Curiously, Consumer (chiefly mortgage) Loans increased only $90 billion for January, the weakest growth since October. Monthly Consumer Loan growth was down 36% from January 2019. Still, two-year growth was at 35%, three-year at 64% and five-year growth of 137%.

February 16 – Reuters (Yawen Chen and Se Young Lee): “New home prices in China grew at their weakest pace in nearly two years in January as the economy slowed and a fast-spreading coronavirus outbreak brought the country’s property market to a standstill. Worryingly, analysts say the worst is yet to come for the property market, noting that with stepped-up measures to contain the spread of the epidemic, aggressive price-cutting by developers and widespread business disruption will be fully reflected only in coming months. Average new home prices in China’s 70 major cities rose 0.2% in January from the previous month…”

We’ll wait about a month for February Credit data, yet it would appear China’s housing markets had already begun a meaningful slowdown prior to the coronavirus outbreak. With apartment sales slowing dramatically, February Consumer lending volumes will be dismal.

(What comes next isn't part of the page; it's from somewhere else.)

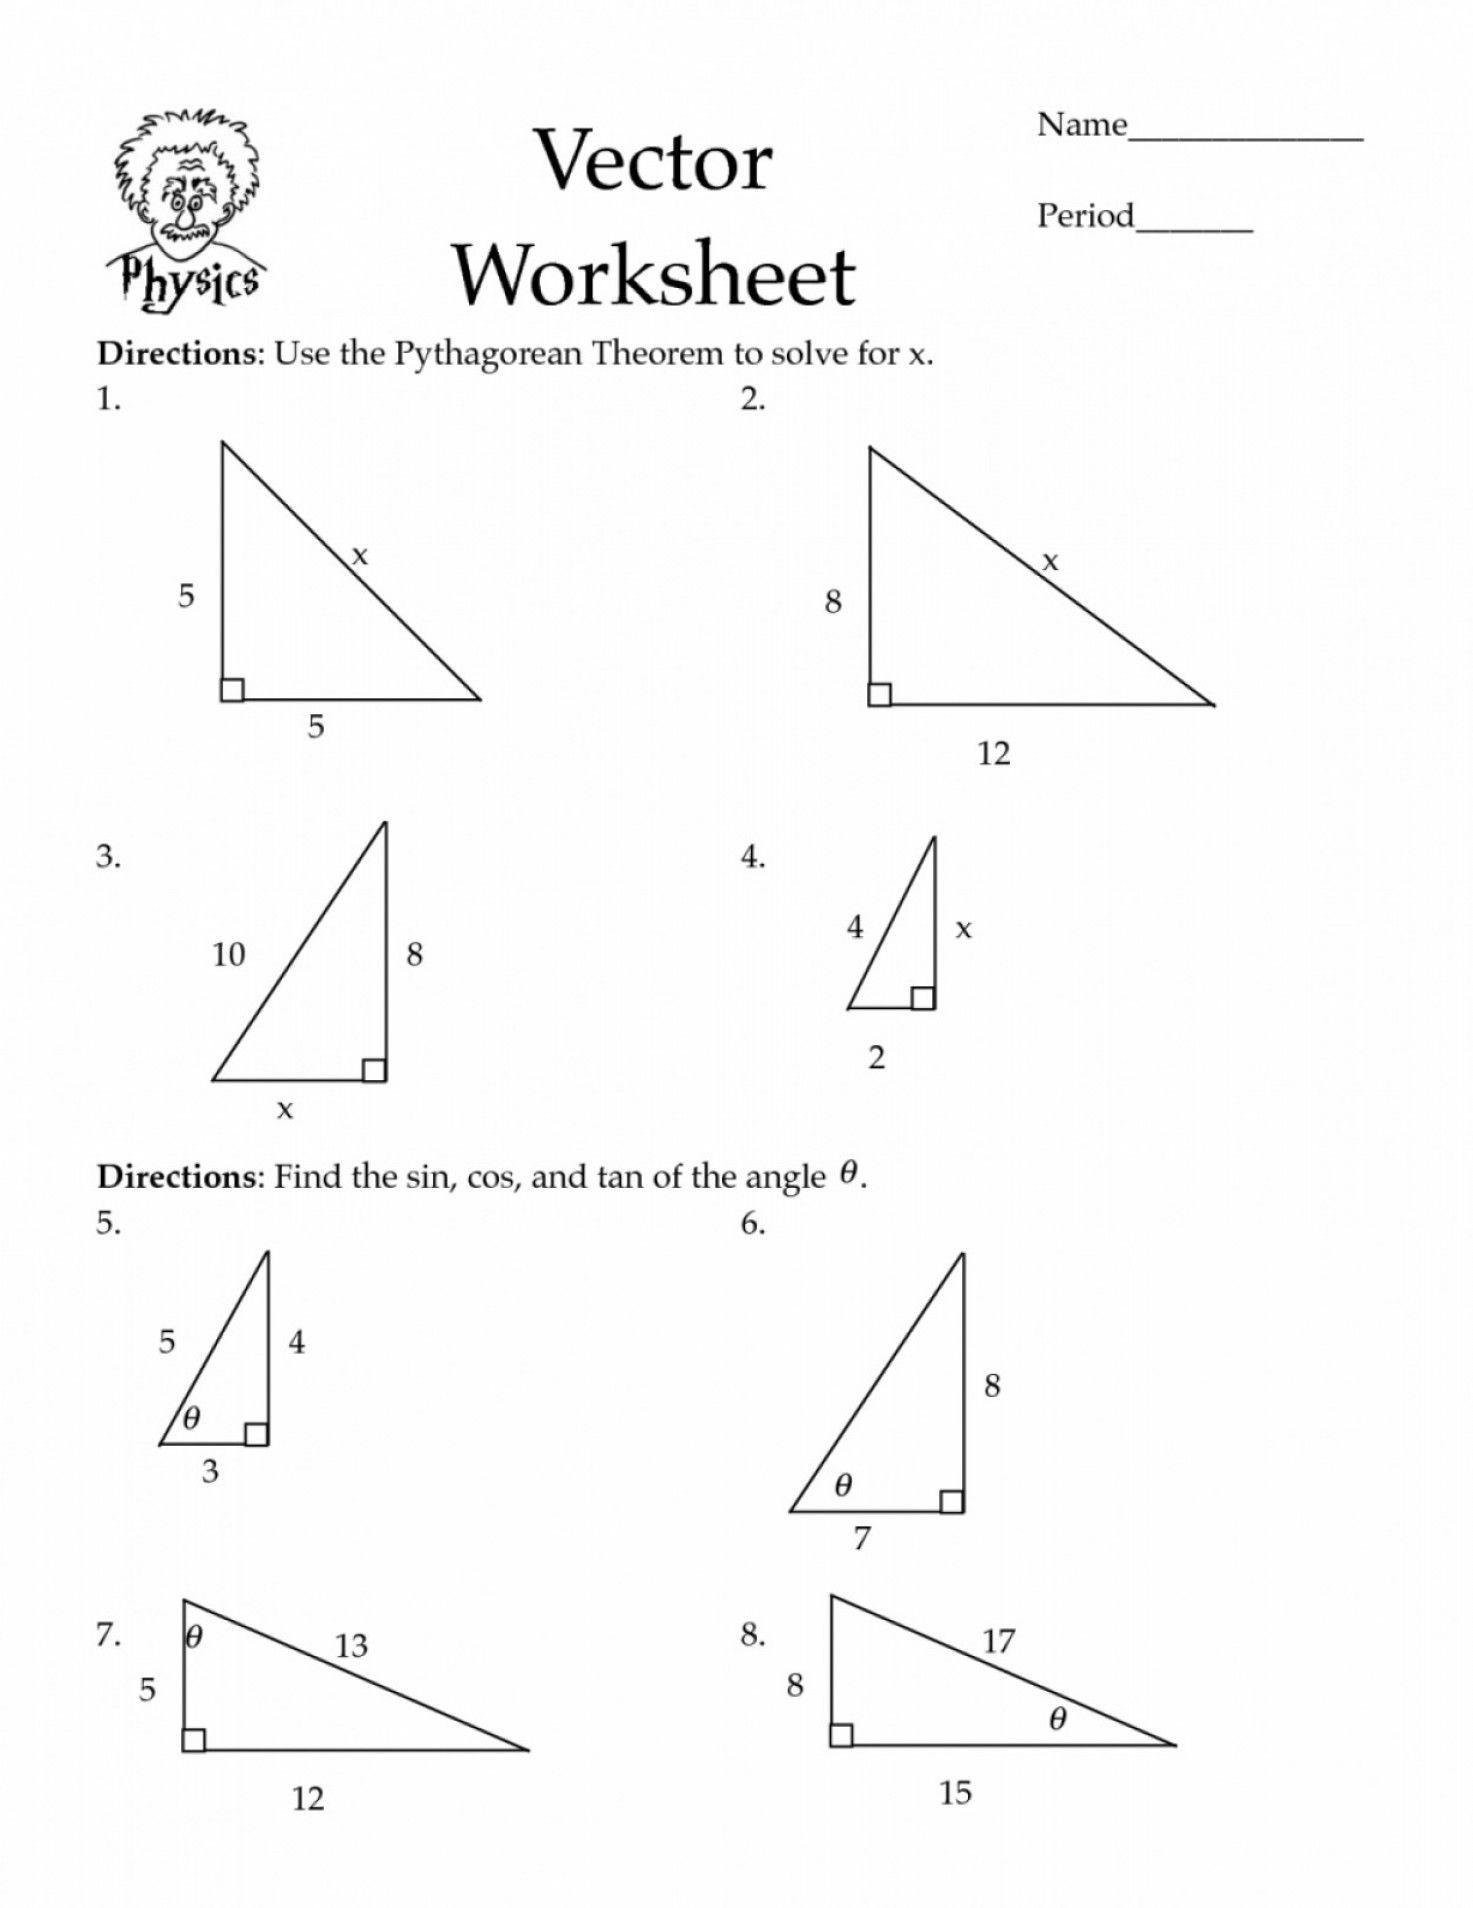 Pythagorean theorem Practice Worksheet 40 Innovative Pythagorean theorem Worksheet for You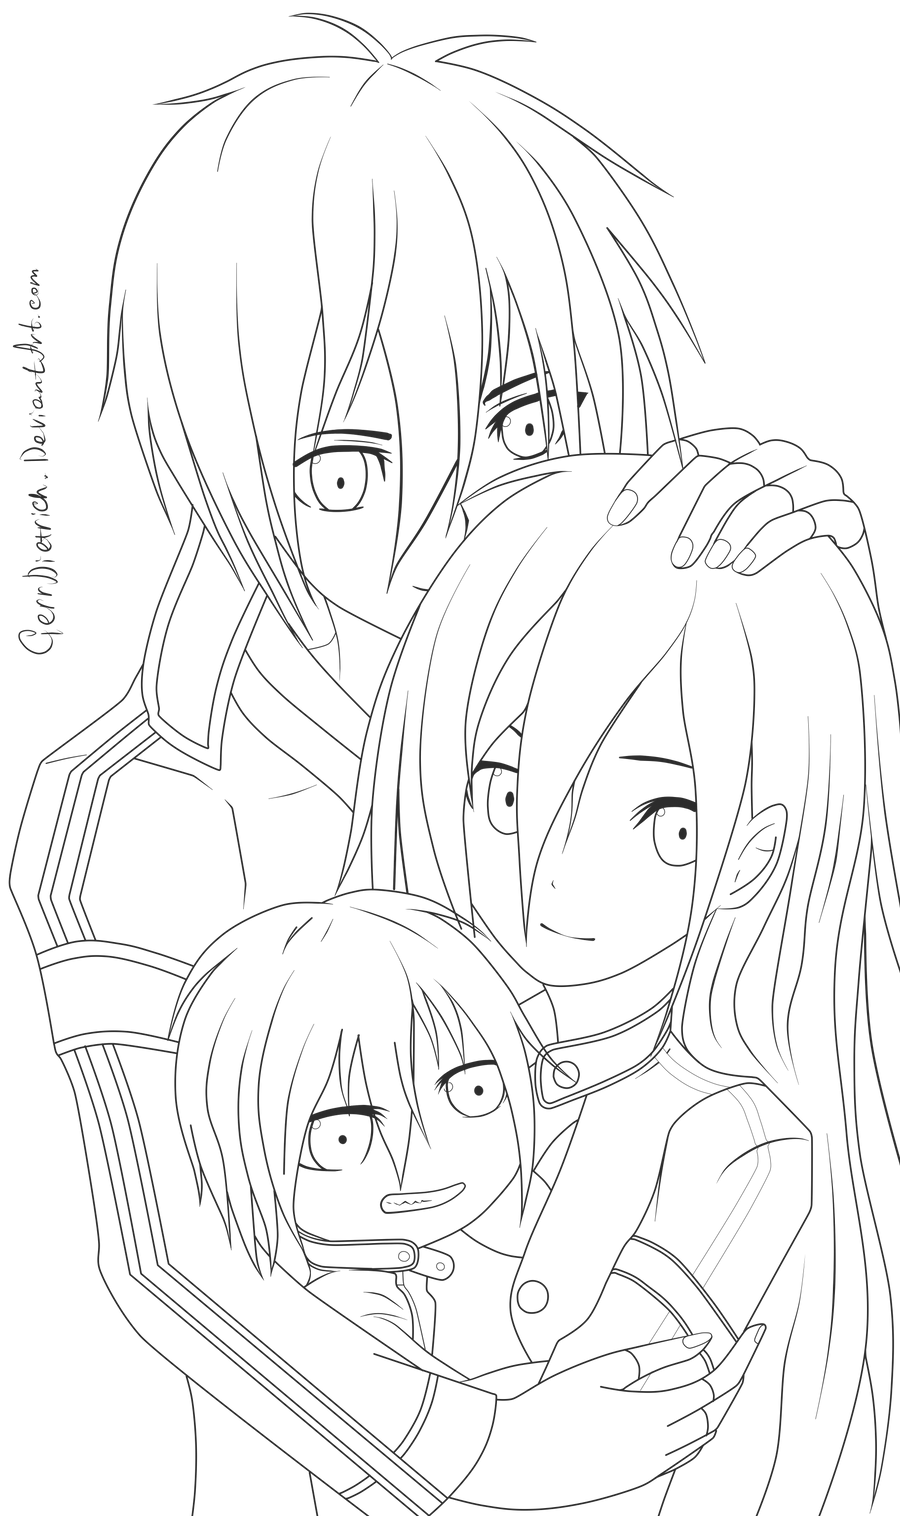 Kirito Lineart : Kirito lineart by gerrdietrich on deviantart

How quickly apartment sales bounce back is a critical issue for Chinese finance as well as China’s economy. Increasingly, however, it appears that great uncertainty surrounds economic prospects for Japan, South Korea, greater Asia and the emerging markets, Europe and globally. The bullish hypothesis that the coronavirus would be largely limited to China and soon contained is increasingly suspect.

February 21 – Bloomberg: “China car sales plunged 92% during the first two weeks of February as the coronavirus outbreak kept buyers away from showrooms. It was even worse in the first week, when nationwide sales tumbled 96% to a daily average of only 811 units, the China Passenger Car Association said in a report released earlier this week. Deliveries this month may slide by about 70%, resulting in a roughly 40% drop in the first two months of 2020, the association said.”

And Wednesday from CNN (Yoko Wakatsuki and Junko Ogura), one of the more alarming reports from the week: “More people from the quarantined Diamond Princess cruise ship tested positive for the novel coronavirus Wednesday, according to the Japanese Health Ministry. The ministry said 79 new cases were confirmed, adding that 68 of the people were said to be asymptomatic.”